Once, people probably couldn’t imagine a future where slavery was made illegal, or laughed at giving every adult in society a vote. One day we will look back on the way we have treated nonhuman animals with a similar sense of disbelief. When we try to imagine a world with animal rights, it turns out not to be so difficult after all. The concepts, technologies, and mechanisms needed are already in place, we just need to be brave enough to use them.

STEVE COOKE: Let’s picture what our societies might look like if animals were granted rights against being killed, made to suffer or exploited for human gain. When activists argue for animal rights, they ask us to imagine a different world. First, we need to understand how our lives are shaped by animals’ lack of rights.

The range of uses we put animals to is enormous – going far beyond food, labour and clothing. We use gelatin to treat paper, from loo-roll to watercolour paper. Tallow finds its way into our banknotes, animal hair gives structure to suits and milk protein is found in condoms and any number of tablets. Beeswax and shellac (manufactured by crushing countless lac beetles) are used to make sweets shiny and treat wood. We even use waste from animal carcasses as biofuel. Many religious and national festivals involve consuming meat or wearing costumes made from animal parts. Animal products are everywhere. We kill billions of animals to make them every year.

A call for animal rights is a call to forbid most of these uses in law. It is also a call to reconfigure our relationships with animals. Imagining such possibilities can be difficult. What’s the point, we may wonder, of even considering the ethics of a future we can barely imagine?…

Although granting animals rights would dramatically change how we manufacture products, many of us may not even notice. Not only are vegan alternatives available for most animal products, but advances in technology make the use of animals possible without killing them or making them suffer. It is already possible to grow meat, eggs, milk, and leather in a lab without harming animals. In the future, scientific advances will probably make widescale production possible.

One change we might notice though, would be an improvement to our environment. Animal agriculture uses vast amounts of land, water and energy, both to house and feed animals, and pollutes our air, rivers and oceans…

A core purpose of a right is to protect the rights-bearer from being used as a means to benefit someone else. We can probably think of a great many deeply unethical practices that could benefit lots of people, but we rule them out because they would violate moral principles. In any case, if future advances are possible without harming nonhuman animals, then we ought to opt for alternative methods of research.

What about the uses we find for live animals, for example as workers, entertainers and companions? Even though many people love their pets as if they were family, there are some people who ask vets to have their pets killed because they no longer want them. Indeed, such cases are common enough that the veterinary profession has coined the term “convenience euthanasia”. In these cases, vets do have the right to refuse to euthanise an animal.
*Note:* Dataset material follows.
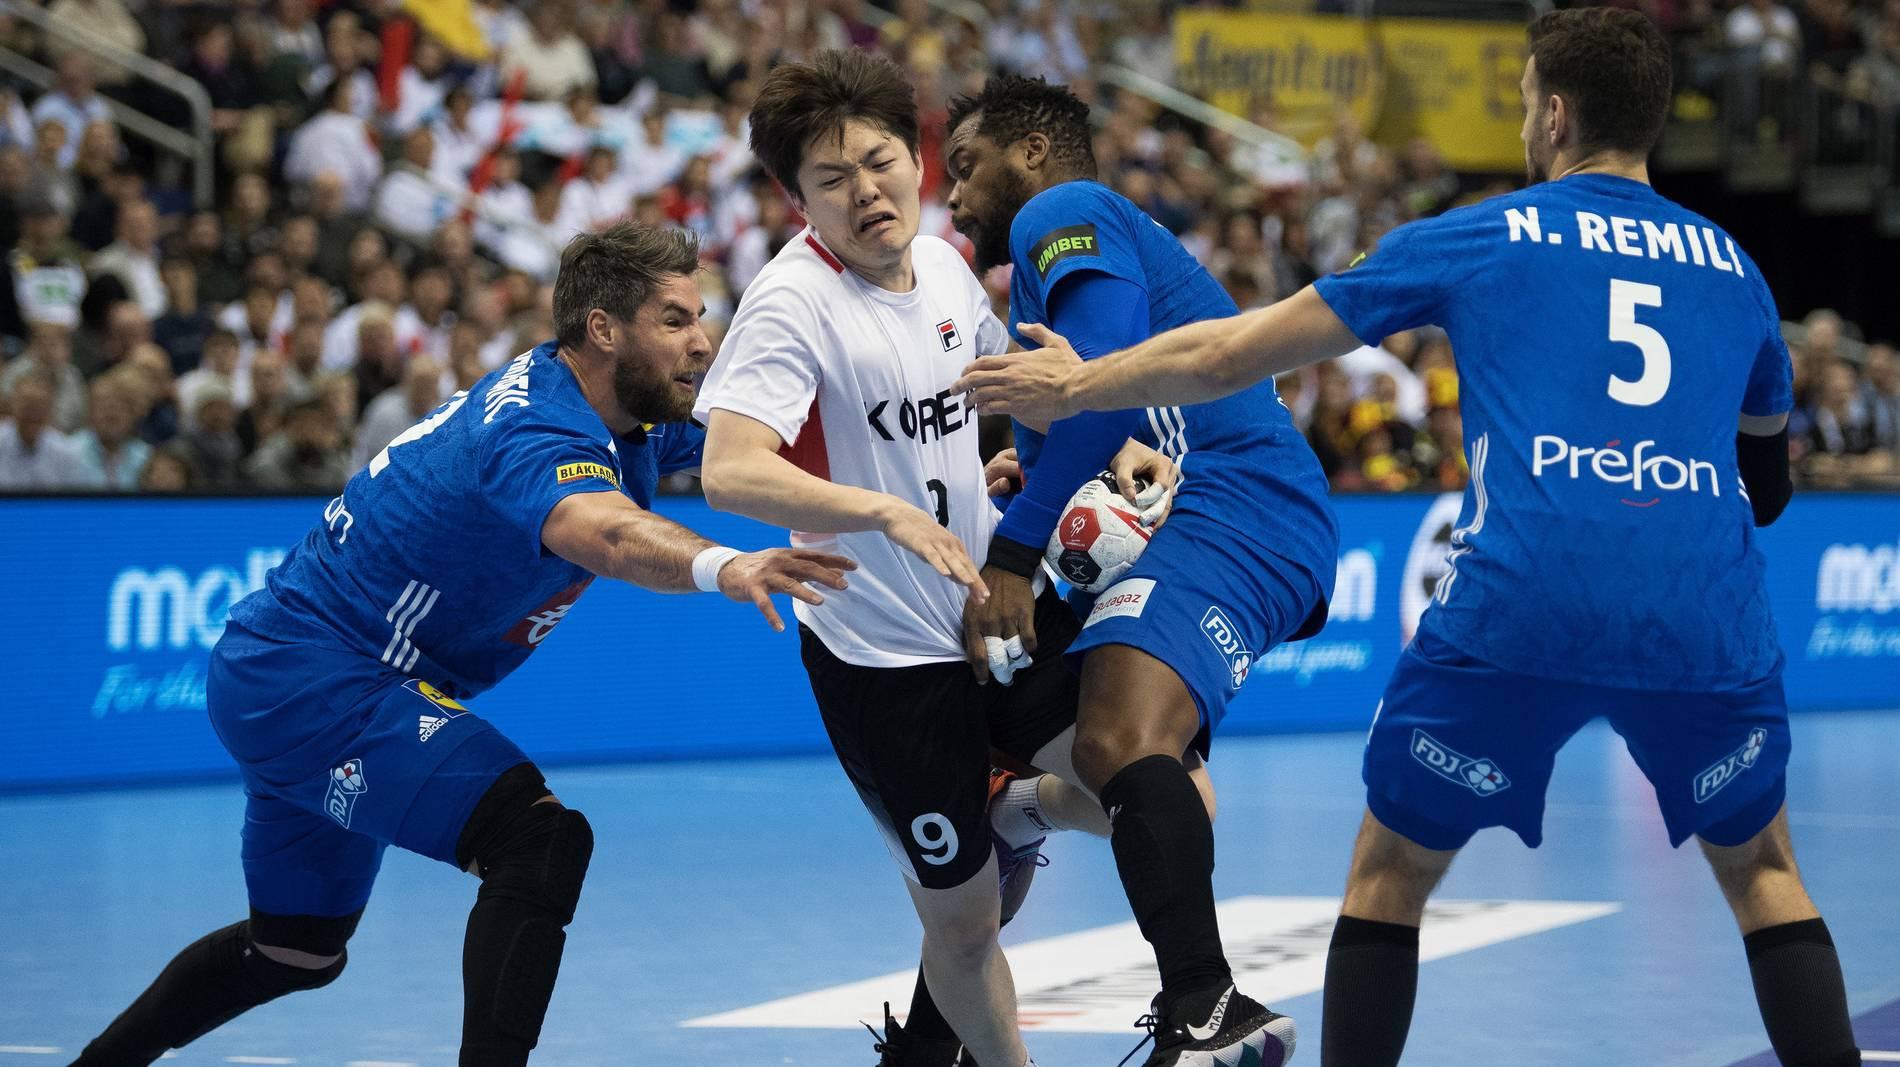 Handball Wm Hauptrunde Tabelle

But there is ultimately no law to prevent vets from carrying out these instructions and many struggle with the ethics of doing so…

If companion animals had rights, then they would have to be treated differently. One possibility is that pets would become something much closer to a fostered family member. We might even start to think of nonhuman animals as fellow citizens…

Once, people probably couldn’t imagine a future where slavery was made illegal, or laughed at giving every adult in society a vote. I suspect that one day we will look back on the way we have treated nonhuman animals with a similar sense of disbelief. When we try to imagine a world with animal rights, it turns out not to be so difficult after all. The concepts, technologies, and mechanisms needed are already in place, we just need to be brave enough to use them. SOURCE…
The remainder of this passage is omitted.